Moving Beyond Happy Sheets
“Luckily I operate in a market where to a large extent, kind of the return on the product was, were participants happy with it? Thumbs up, happy sheet, if we tend to call it,” René explains. But with economic conditions tightening, enterprise buyers need more concrete evidence of impact.
The Two-Pillar ROI Framework
Lapaya breaks their ROI measurement into two distinct categories. As René explains: “We break that basically into two. On the one hand, there is a set of KPIs of business drivers that you can directly impact with training.”
- Direct Business Impact
The first pillar focuses on measurable business outcomes:
- Retention: “Great managers, great leaders just are able to retain their team better and have people work for them longer. And there’s a direct business case to be made out of that, because every replacements and every lesser onboarding cost money.”
- Productivity: Particularly for customer-facing roles, “productivity per FTE and therefore productivity increase after having gone through a program quite directly.”
- Behavioral Change Metrics
The second pillar measures actual skill application. René notes they’ve “gotten pretty good at measuring whether people actually apply the skills that we’re trying to teach them after going through the Labaya platform.” This means tracking whether leaders are “exhibiting the leadership behaviors that we want them to show as six months after we’ve gone through for six months that they weren’t shown before.”
The Google Example
To validate their approach, Lapaya points to Google’s Project Oxygen. René explains how Google “started well by now, maybe 15 years ago, their famous product oxygen, which try to prove we can get rid of managers and we can just have engineers run engineering when the salespeople run the commercial side of the organization.”

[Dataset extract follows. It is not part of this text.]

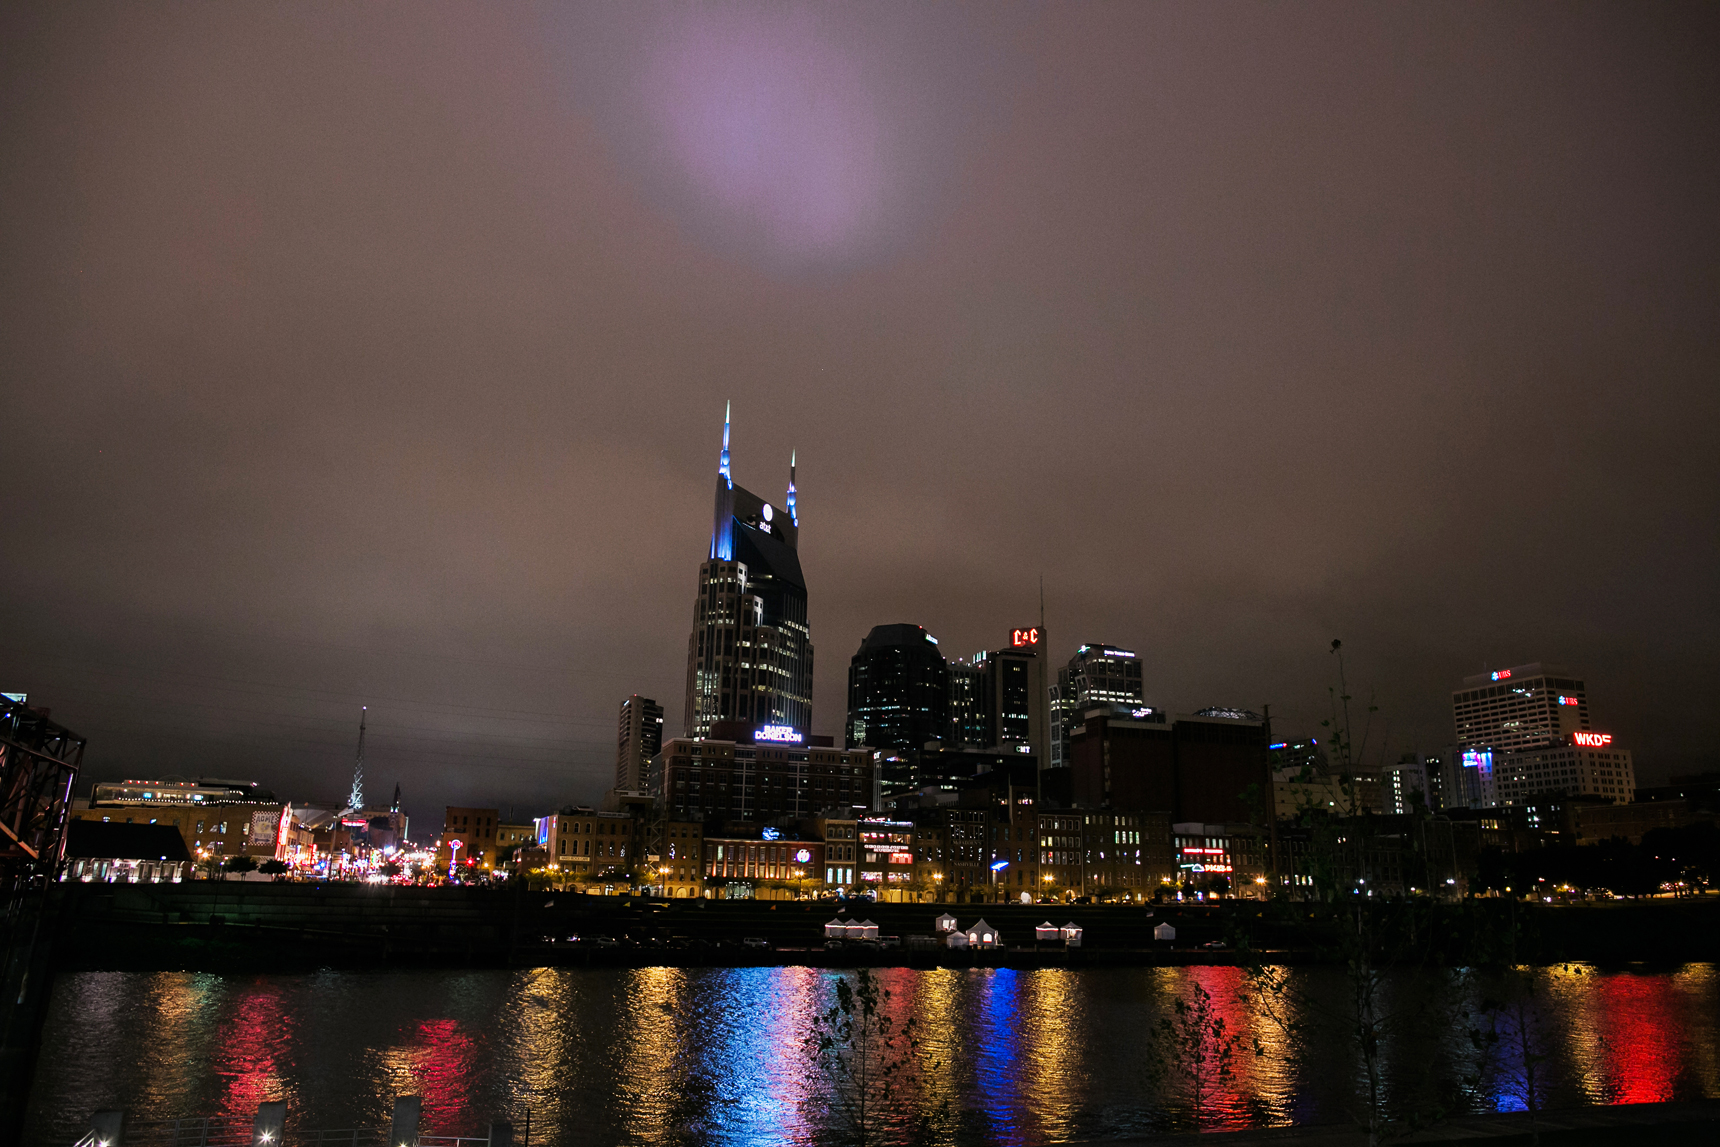 Nashville skyline at night

The project’s findings actually proved the opposite: “By trying to prove that they could do without managers, they actually prove no. Managers are very important, but not so much managers as a concept, but people in the organizations that exhibit a very fairly concise set of eight to ten to twelve kind of specific skills.”
Making the Business Case
This two-pronged approach to ROI helps Lapaya make compelling business cases to different stakeholders:
- For finance and procurement: Direct impact on retention and productivity
- For HR leaders: Measurable behavior change aligned with company goals
- For executives: Research-backed connection between skills and performance
The Broader Economic Context
René ties this to a larger economic imperative. He points out that productivity growth has dropped from “four, five, 6% more every year” decades ago to “zero to 1% a year” today. This creates urgency around proving training ROI: “You can’t really grow an economy where the output per individual is just growing at 0.1% a year.”
Key Lessons for Enterprise SaaS Founders
- Move beyond traditional industry success metrics
- Build measurement into your product from day one
- Connect metrics directly to business outcomes
- Use external research to validate your approach
- Tie your solution to broader economic trends
For founders selling to enterprises, the lesson is clear: in today’s environment, you need both hard metrics and behavioral evidence to prove your value proposition. As René puts it, you must demonstrate “whether people actually apply the skills that we’re trying to teach them” long after the initial training ends.